I don't know what that Prius driver had going on in her own life, but I think she could have managed a few seconds wait time to allow a young mother a little less stress to an already stressful event.

So when I did finally get my car going, and make my way out of the parking lot and on to surface street, it was amidst utterly raw weeping. Christian offered to take the wheel, but I refused. I refused in part because I did not want to move from that spot. I did not want to get out of the car. I could not take my hands from the wheel, so instead, I wept. I sobbed until my throat hurt - until the sound was impossible, until it refused to claw from my throat. The tears continued to flow from my swollen eyes. I would sniff. I would take a few gasping breaths, and this was enough to allow that wracking sound from my throat again.

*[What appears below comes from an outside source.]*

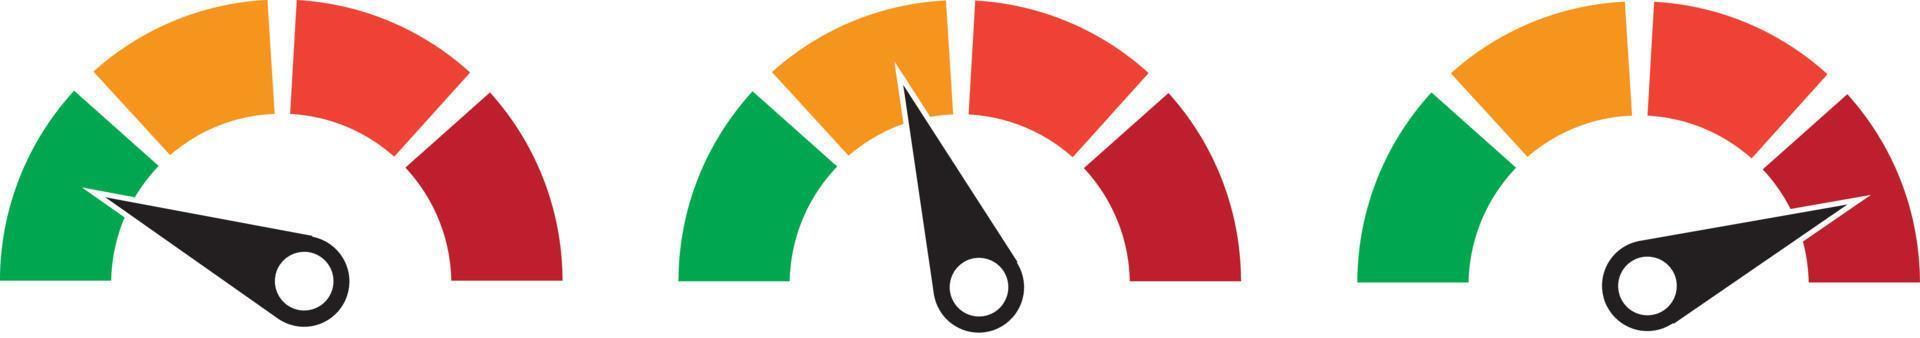 conjunto de tacômetros vetoriais de cores, medidor de vazão com indicador na parte verde, laranja e vermelha, ícone de medição de velocímetro e desempenho, ilustração para sua página da web, infográfico, aplicativos e folheto vetor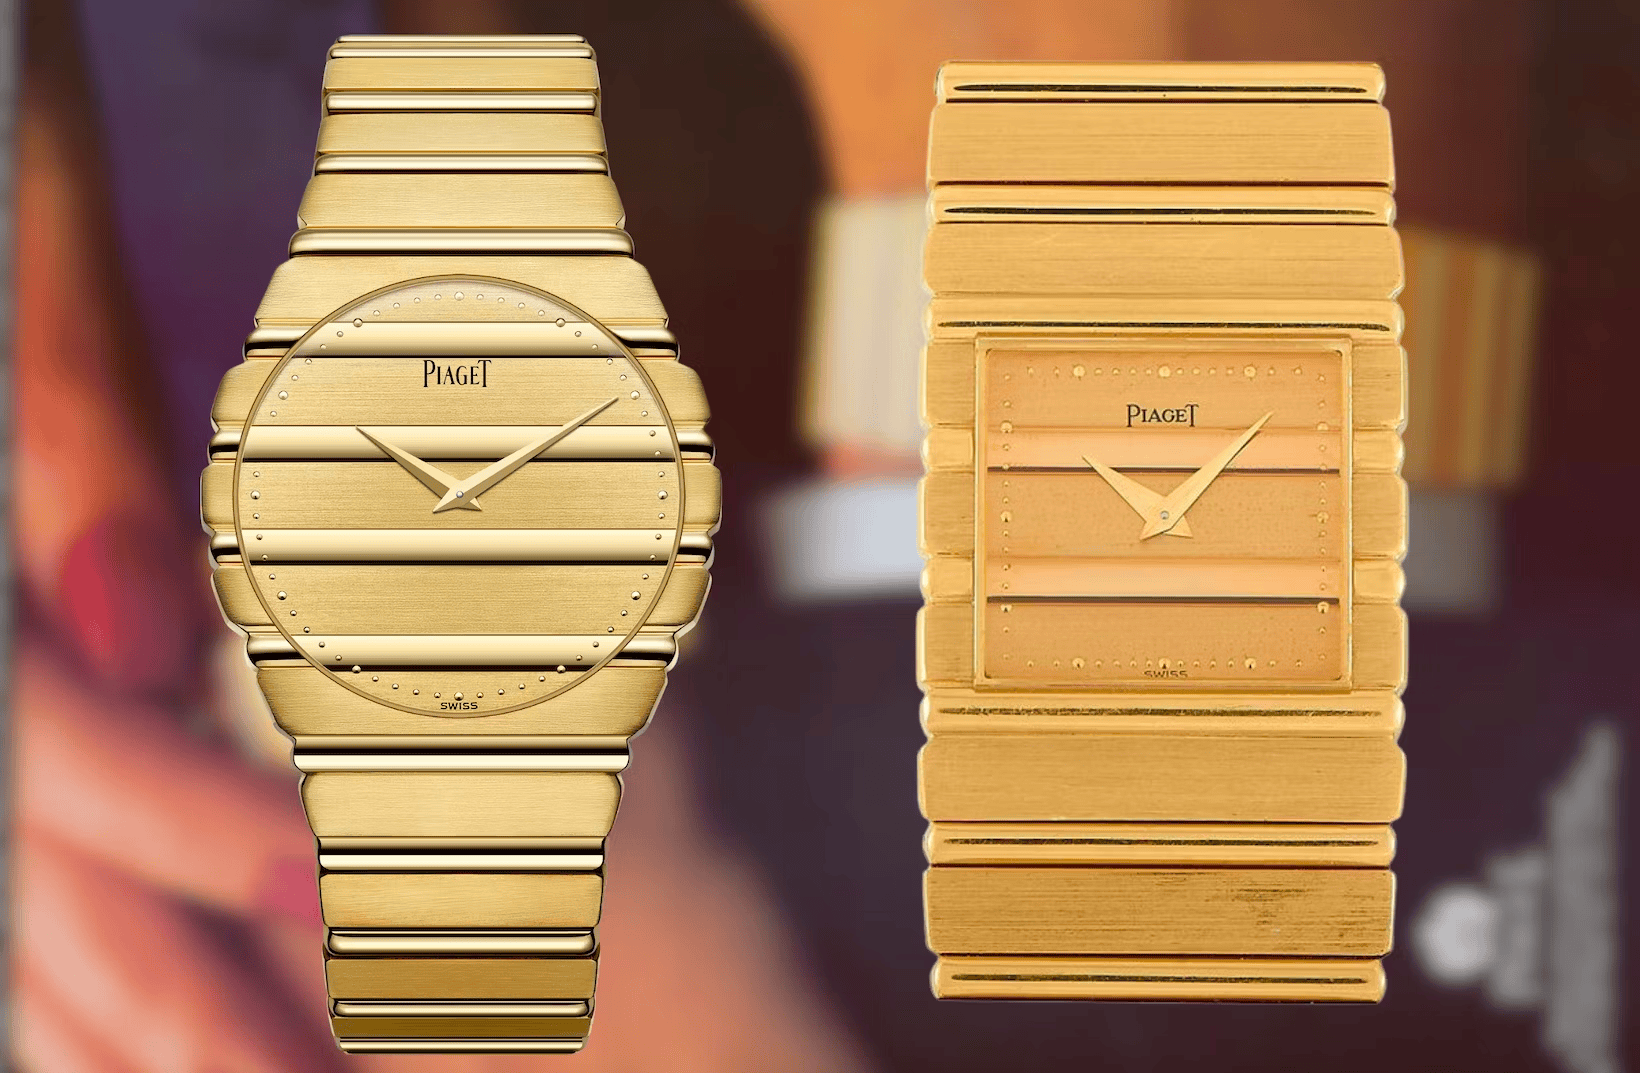 Lược sử đồng hồ Piaget Polo (kỳ I) 5

I cried so hard, so long, I started to cough. I started to choke. I calmed enough to breathe. I wept some more. I wept the entire drive to my in-laws' house.

"If anyone makes any kind of comment to me, I cannot be held responsible for what I will say back. I cannot!" I said as I turned down their street. Christian nodded.

"Okay. I understand. Just go straight to the guest room. It's fine."

I parked the car. I wiped salt from my cheeks - just salt tracks because of the drought. I got out, not looking back, not thinking. I went straight to the guest room where our son takes his nap. Christian laid him down beside me, whimpering and half asleep from the car ride.

As I lay there, nursing my sleepy toddler, I breathed deeply, my limbs trembling.

I can't handle anything else. I can't. I need a break - I need to catch a break. I don't have anything left. No patience. No resources. No stamina. I am running on empty. I am bare. I am raw. I don't know what I will do if something else happens. I don't know what else I can do besides what I am doing.

So I write this, raising my hands up, empty and asking...help me.